Only cause I am lazy - I usually have a butcher do it - he charges me 45 for the kill and then does the meat any way that I like - I usually do half ground - half stripped for making stew / jerky - for a total cost of about 100.00 and only bring home my meat.


----------



## toth boer goats (Jul 20, 2008)

I have a local butcher come out...to our place ... he... humanely puts down the goat....but leaves at my place....stomach content ... yuk... the smell is quite unbearable.......then we tell him... the cuts we want...he hangs it in his big freezer for a while..... then cuts and wraps it..... it is easier for a butcher to do it..for me.. as... I don't have the heart to kill.....  he is the only butcher near me....that does goats...


----------



## redneck_acres (Oct 18, 2007)

Allison you have it ground? How do you like it that way? I've never tried it ground.


----------



## Mully (Jun 23, 2009)

I pay $65 per goat to be butchered, dressed, and packed and frozen ...they take care of the waste.


----------



## Perfect7 (Apr 19, 2010)

Thank you everybody! I don't have the heart to kill either, but I think I could help process and clean once it was over with (assuming I knew what I was doing in the first place). DH is a retired cop, so maybe he can later on! :chin: We're still procrastinating on "harvesting" five roosters.
I can also handle buying a hacksaw, sharp knives, and something for hanging. We'll go to the butcher for now, but it would one day be nice to go from start to finish without a middle man. (mental note to get vicks vapor rub under my nose for the stomach contents!)
I'm glad to hear somebody say ground because I was thinking ground, steaks, and ribs but don't know how the meat is done for goats. Saying it's "like lamb cuts" doesn't help because I've only had lamb once at a restaurant. :shrug: 
I can do ground meat, ribs, and steaks!


----------



## goathappy (Oct 5, 2007)

I can be a hard person sometimes but when it comes to butchering goats I just cannot do it. I could probably cut them up after they were dead but its the actual killing part that bothers me. I know, I'm a wuss 

We take them to our local butcher, they charge $35 for the butcher fee then $0.38 a lb hanging weight to cut it up. We usually just grind it all up into burger and then have at least one goat made into salami.

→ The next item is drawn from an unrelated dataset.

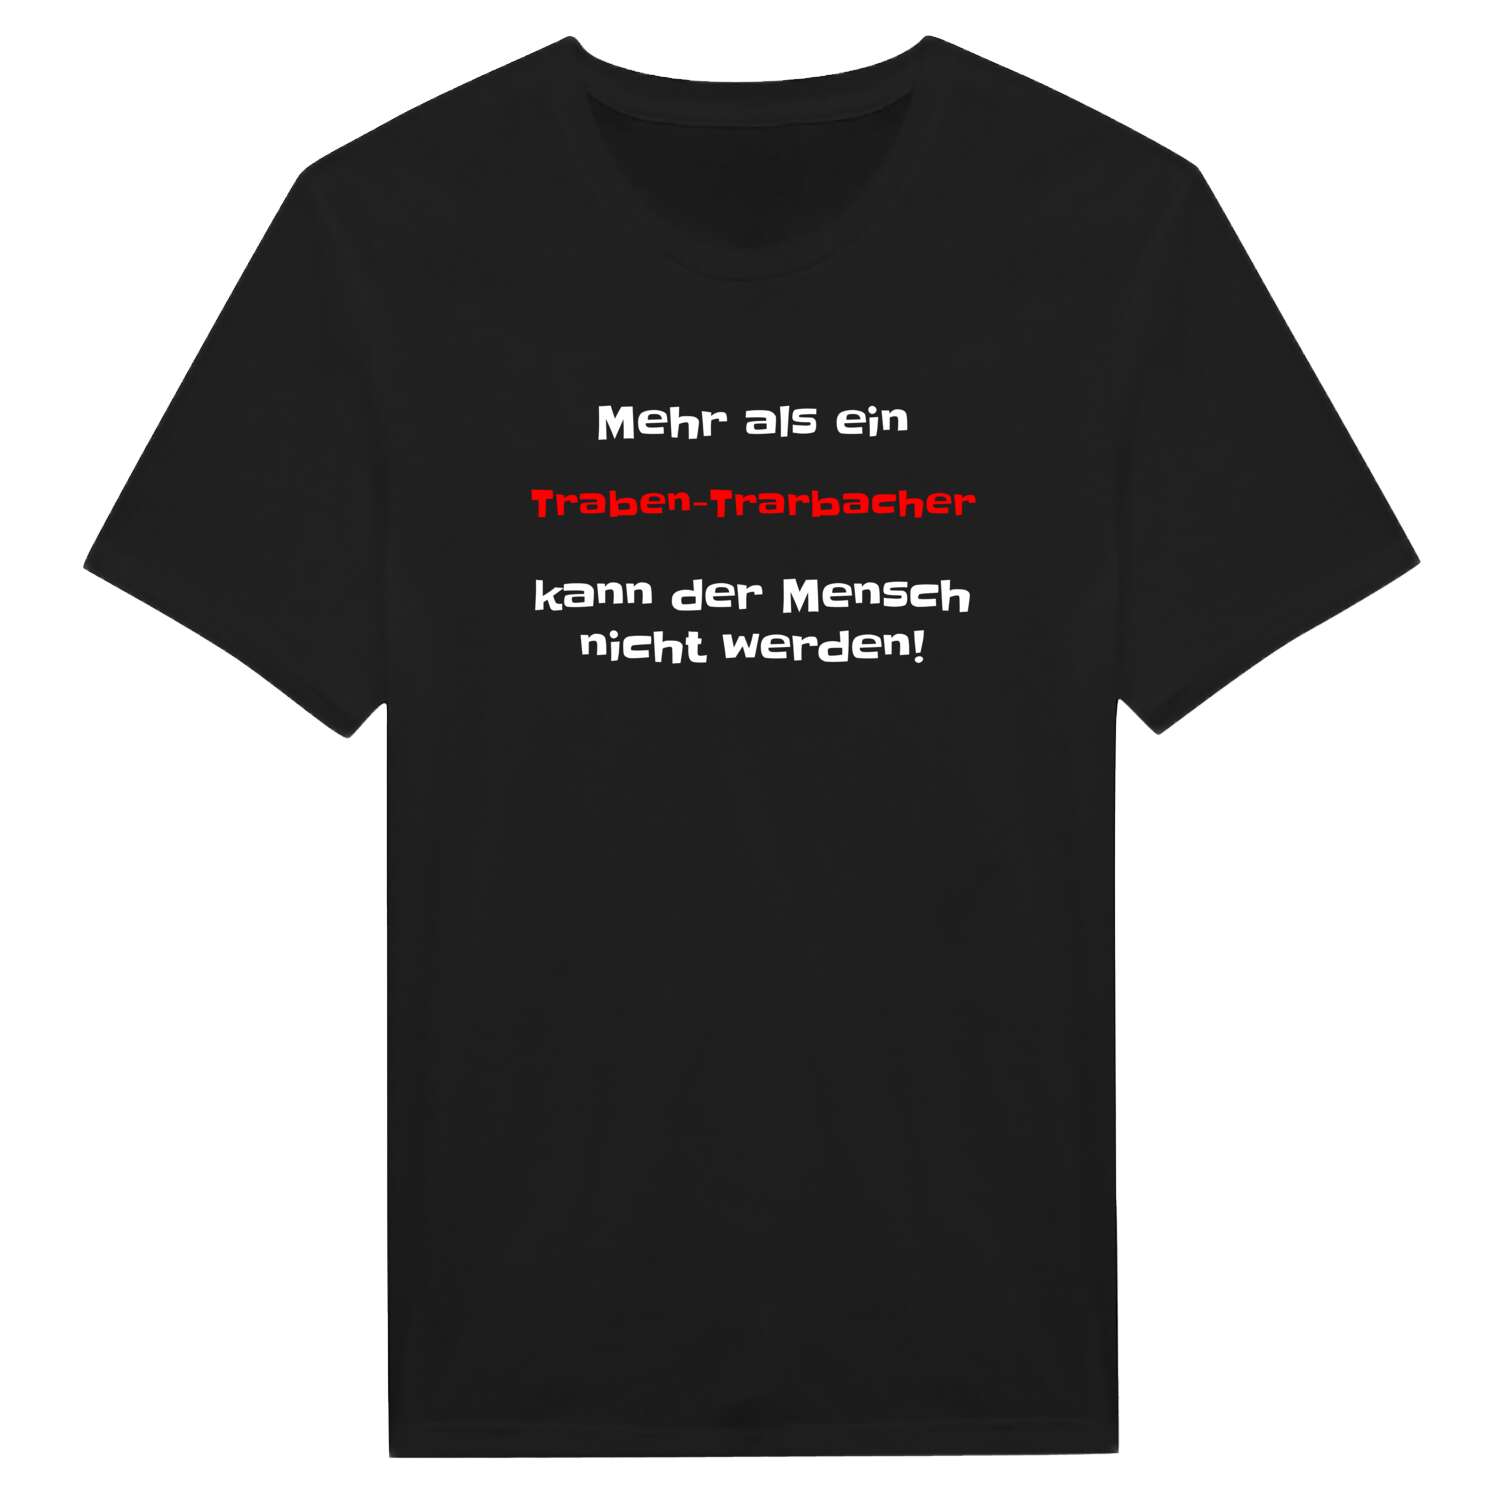 Traben-Trarbach T-Shirt »Mehr als ein«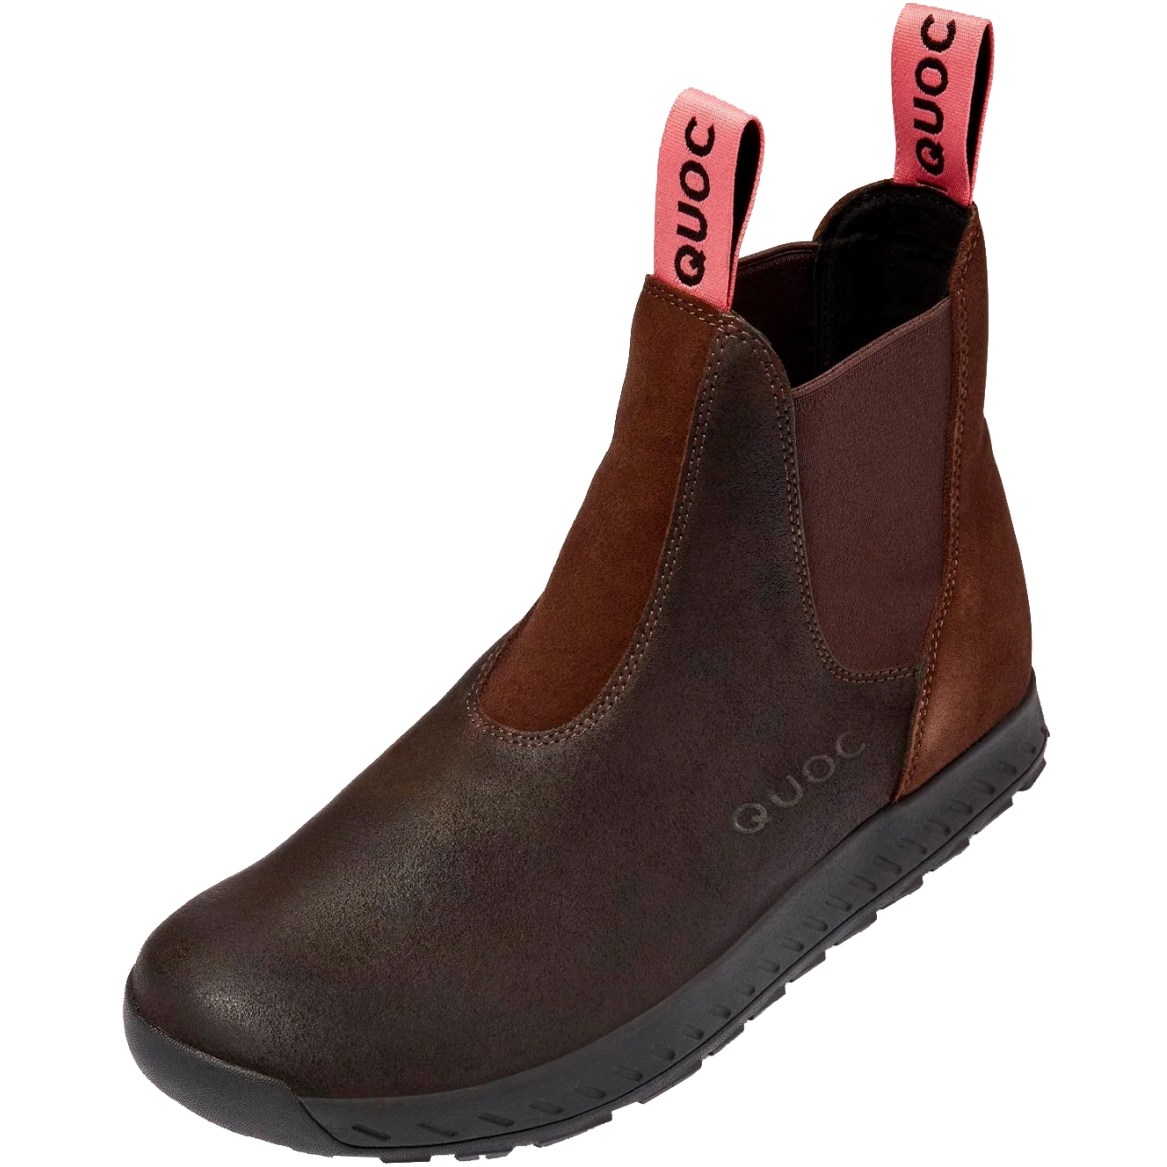 Produktbild von QUOC Chelsea Boot City Schuhe - braun

For goat cuts, they have leg roasts and wherever else they get a roast from(I forget) and chops(the goat equivalent of a steak) and then the rest of the meat is usually ground.


----------



## Perfect7 (Apr 19, 2010)

Okay, thank you! Now I can say "ground, chops, and roast" instead of asking for steaks and looking like a moron!  Now I can sound like this isn't my first time going to the butcher. I'll have to just refrain from kissing my poor wether goodbye (at least once I'm in the public eye).


----------